Democrats Are Spending Serious Cash To Aid Kris Kobach In Kansas’ GOP Senate Race

A group with Democratic ties is spending hundreds of thousands of dollars boosting anti-immigrant crusader Kris Kobach in the race for the Republican Senate nomination in Kansas, the latest example of one political party trying to fool the other party’s voters into backing a perceived weaker candidate.

Sunflower State, a super political action committee that formed earlier this week, is ladling out $850,000 on TV ads in Kansas. The group, which uses a Democratic media firm and a bank owned by a labor union, won’t have to reveal its donors until after the Aug. 4 primary.

Controversial Republican Kris Kobach is trying to resuscitate his political career by winning his party's nomination for an open Senate seat in Kansas. Democrats are doing their part to make that happen, seeing him as a candidate they can beat in November. (Mark Reinstein via Getty Images)
Controversial Republican Kris Kobach is trying to resuscitate his political career by winning his party's nomination for an open Senate seat in Kansas. Democrats are doing their part to make that happen, seeing him as a candidate they can beat in November. (Mark Reinstein via Getty Images)

The group’s first ad appears designed to subtly help Kobach in his three-way race against Rep. Roger Marshall and plumbing company owner Bob Hamilton. It starts by ostensibly attacking Kobach as “too conservative,” and says he “won’t compromise on building the wall (President Donald Trump’s pet project on the U.S. southern border) or getting tough on China” ― positions that most GOP voters would hardly find objectionable.

It then quickly pivots to attacking Marshall as a “phony” and “fake, fake, fake.”

“He’s been soft on Trump and weak on immigration,” a male narrator says. “Marshall’s been both for and against the wall.

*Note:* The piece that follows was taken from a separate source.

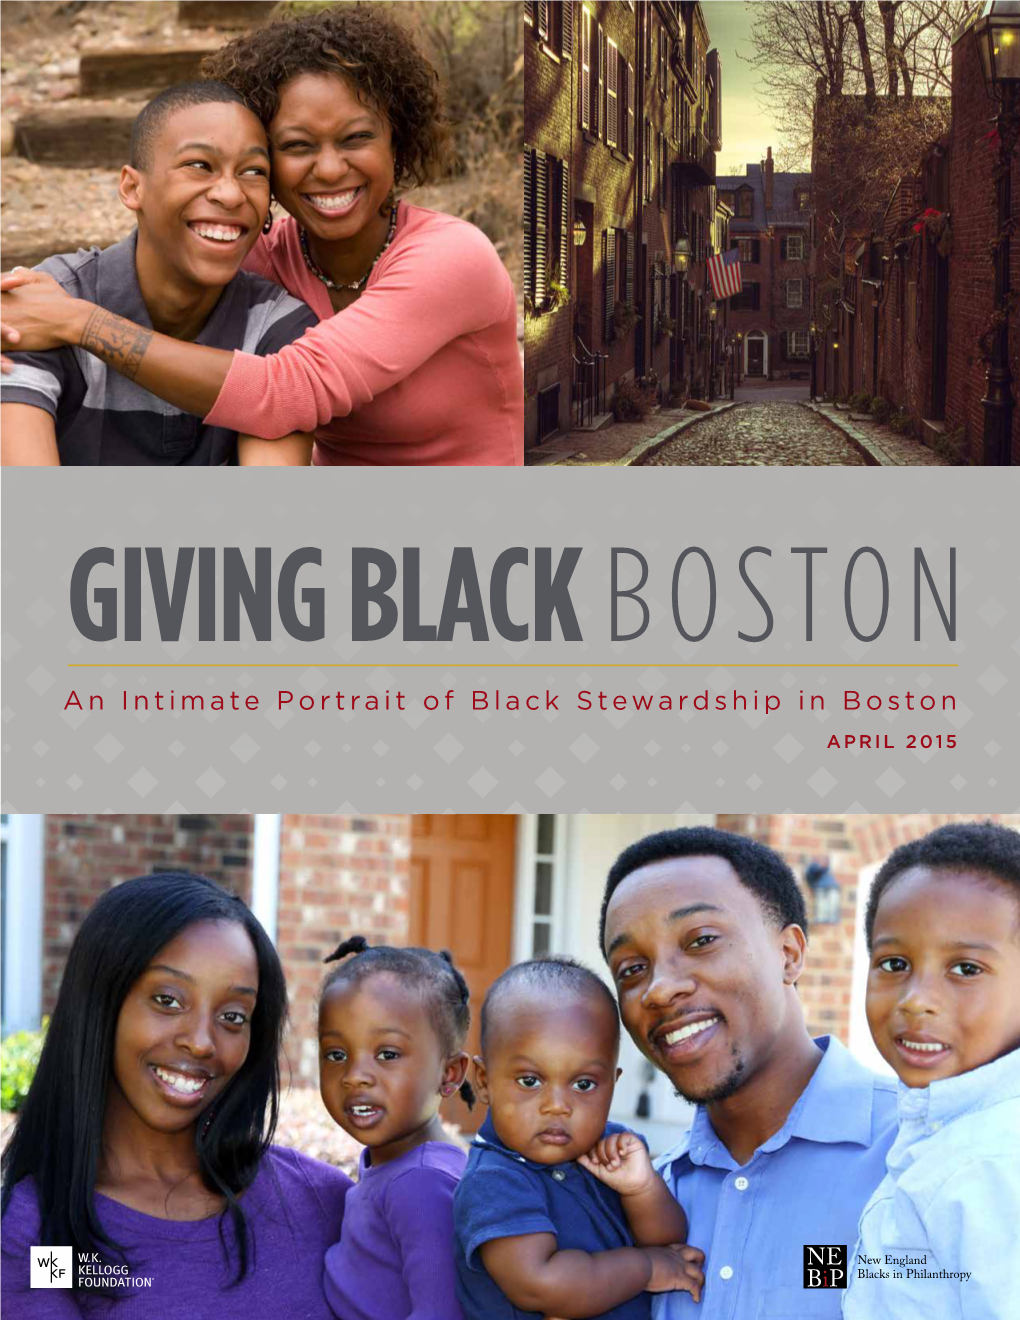 An Intimate Portrait of Black Stewardship in Boston

He went easy on China, but now talks tough.”

The ad is the latest example of Democrats and Republicans meddling in the other party’s candidate selection. This year, Republicans have tried to influence the Democratic nomination processes in North Carolina and Texas. Democrats did the same in West Virginia in 2018. In some cases, the interfering parties have successfully hidden clear evidence of their involvement until after the votes are cast in a...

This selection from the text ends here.